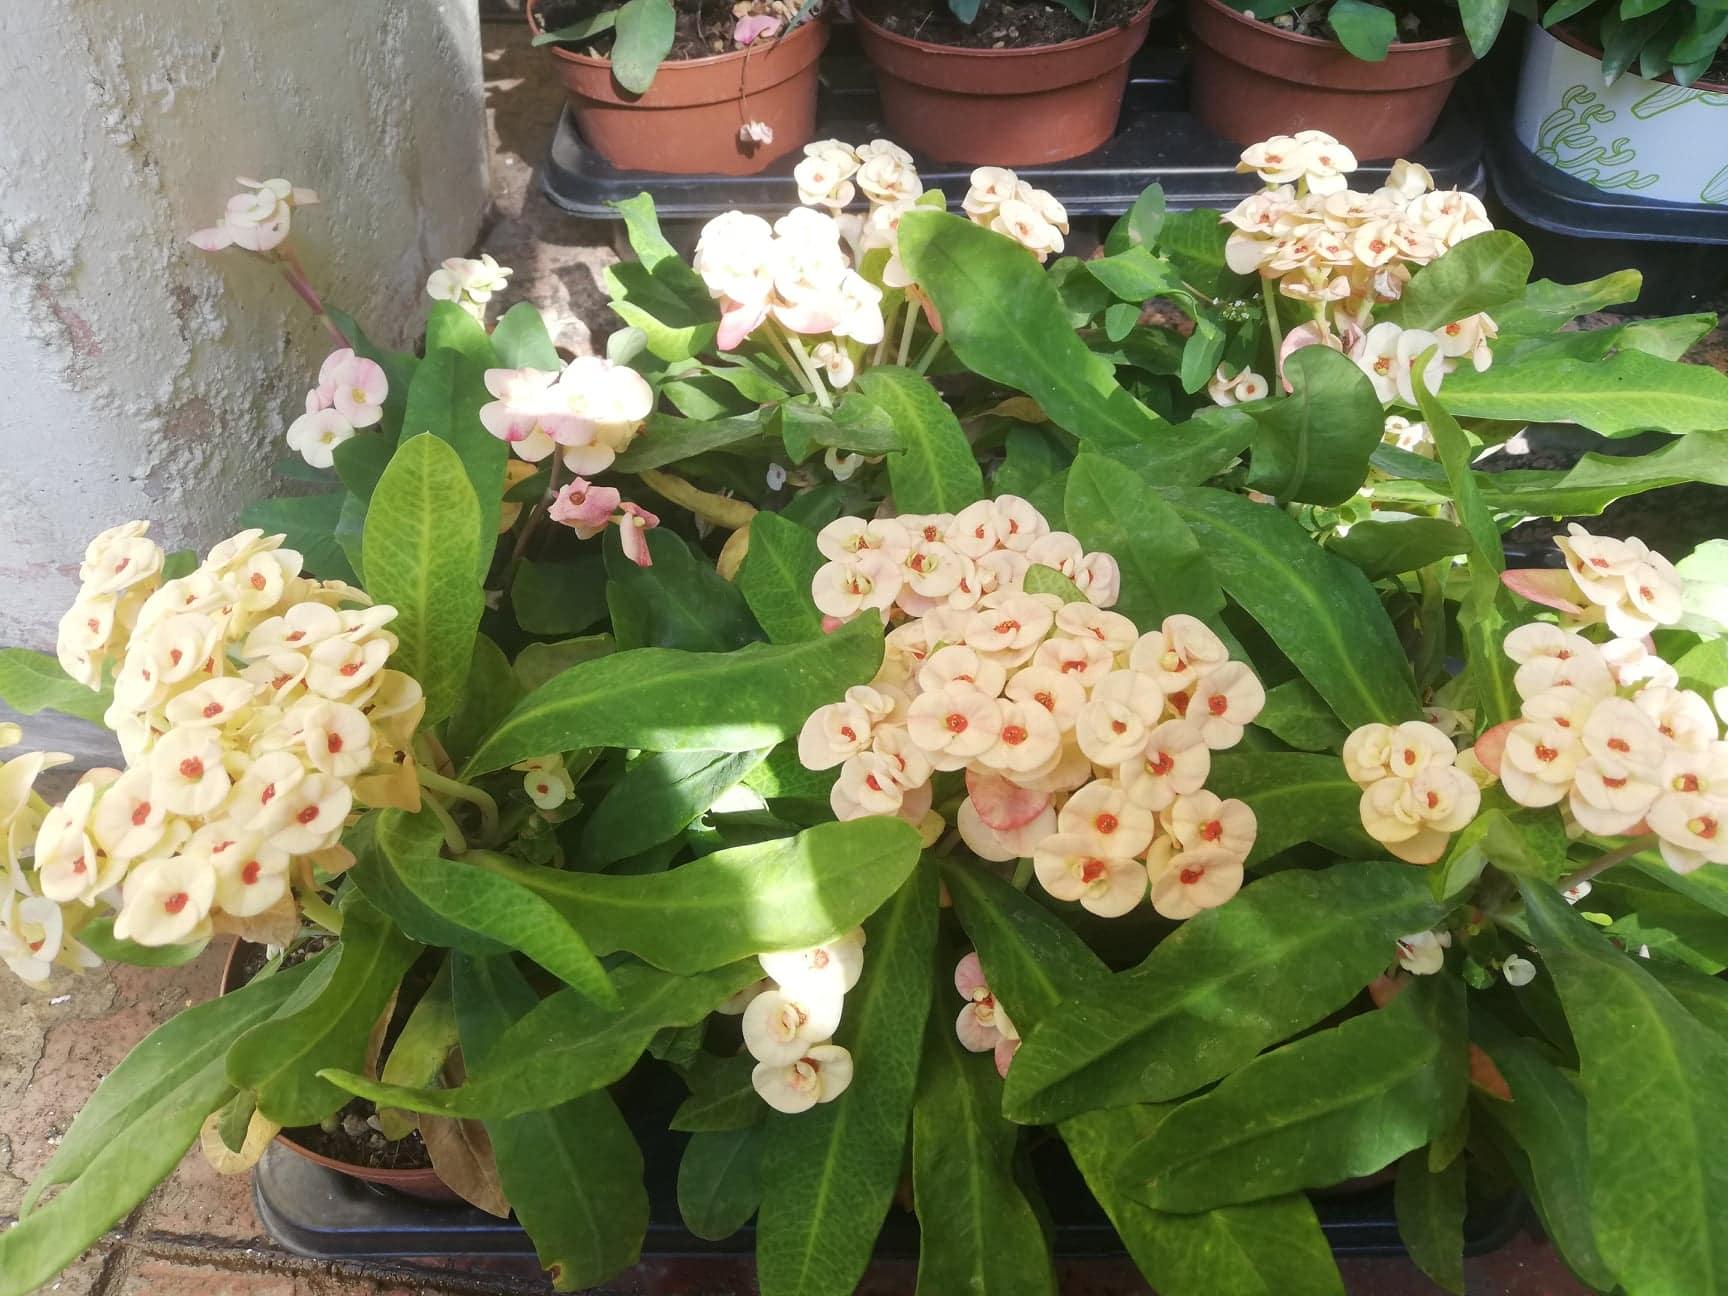 Euphorbia milii conosciuta anche come la corona di Cristo
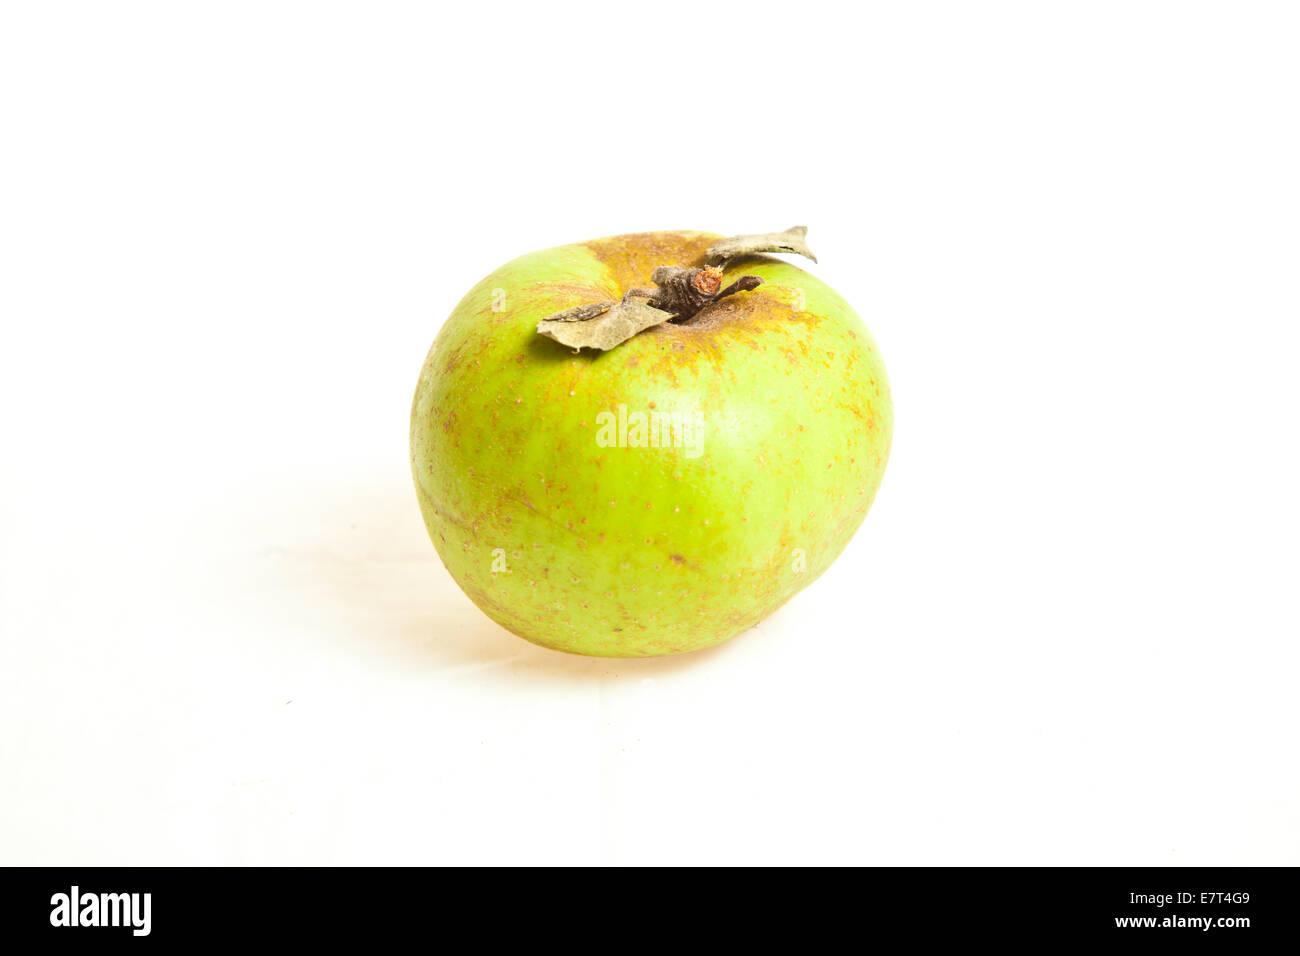 Fruits pomme verte biologique isolé sur fond blanc Photo Stock
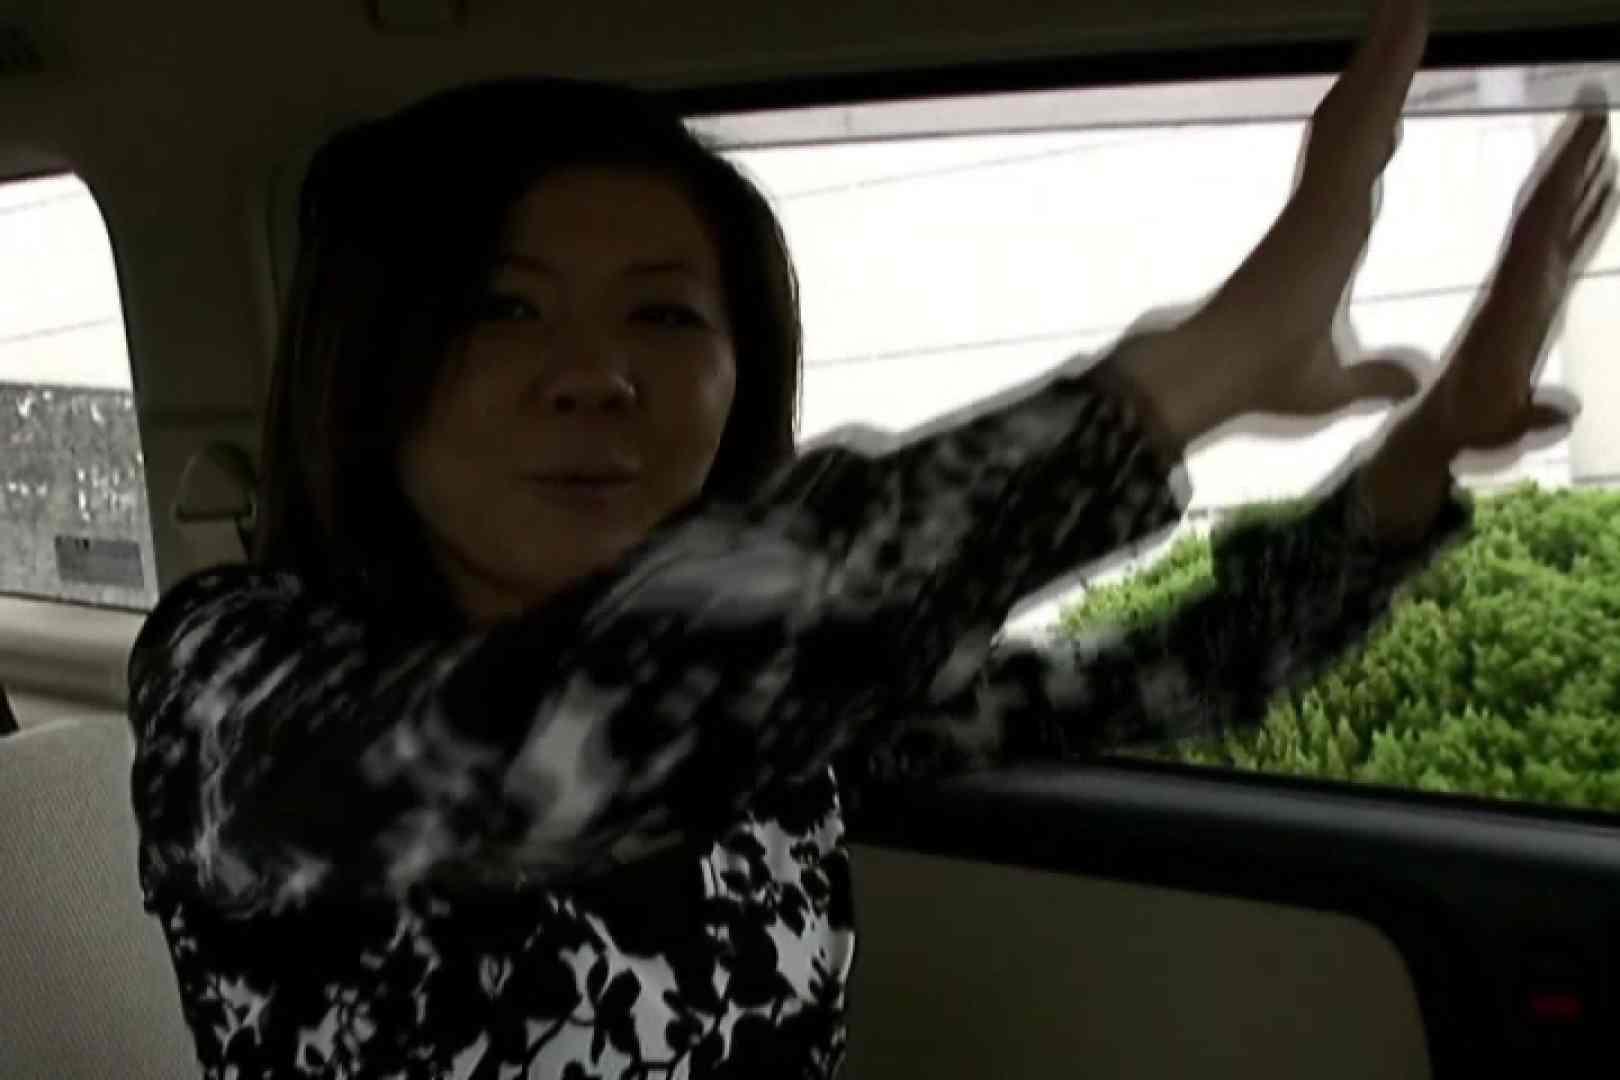 素人ナンパ本番撮り!出会い系でGET!Vol.13 ナンパ SEX無修正画像 79枚 71
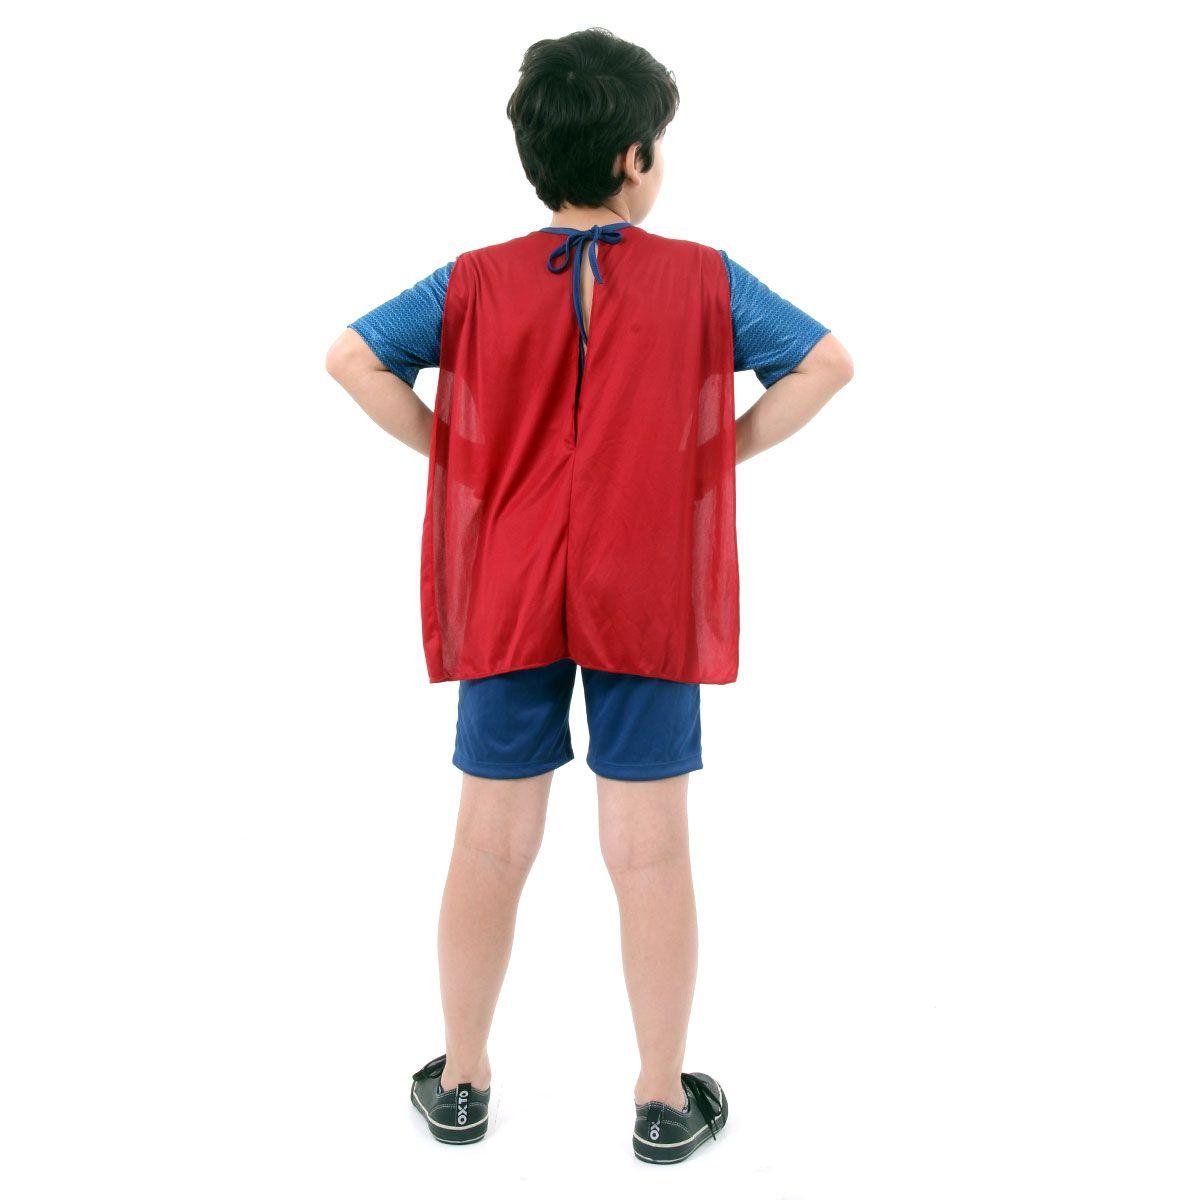 Fantasia Super Homem Infantil com Músculos

Your goal: Beginning at the line that contains "素人ナンパ本番撮り!出会い系でGET!Vol.13 ナンパ SEX無修正画像", transcribe it and every later line through the last line of the data above, exactly, and drop the pictures.

Response box:
 素人ナンパ本番撮り!出会い系でGET!Vol.13 ナンパ SEX無修正画像 79枚 71
 Fantasia Super Homem Infantil com Músculos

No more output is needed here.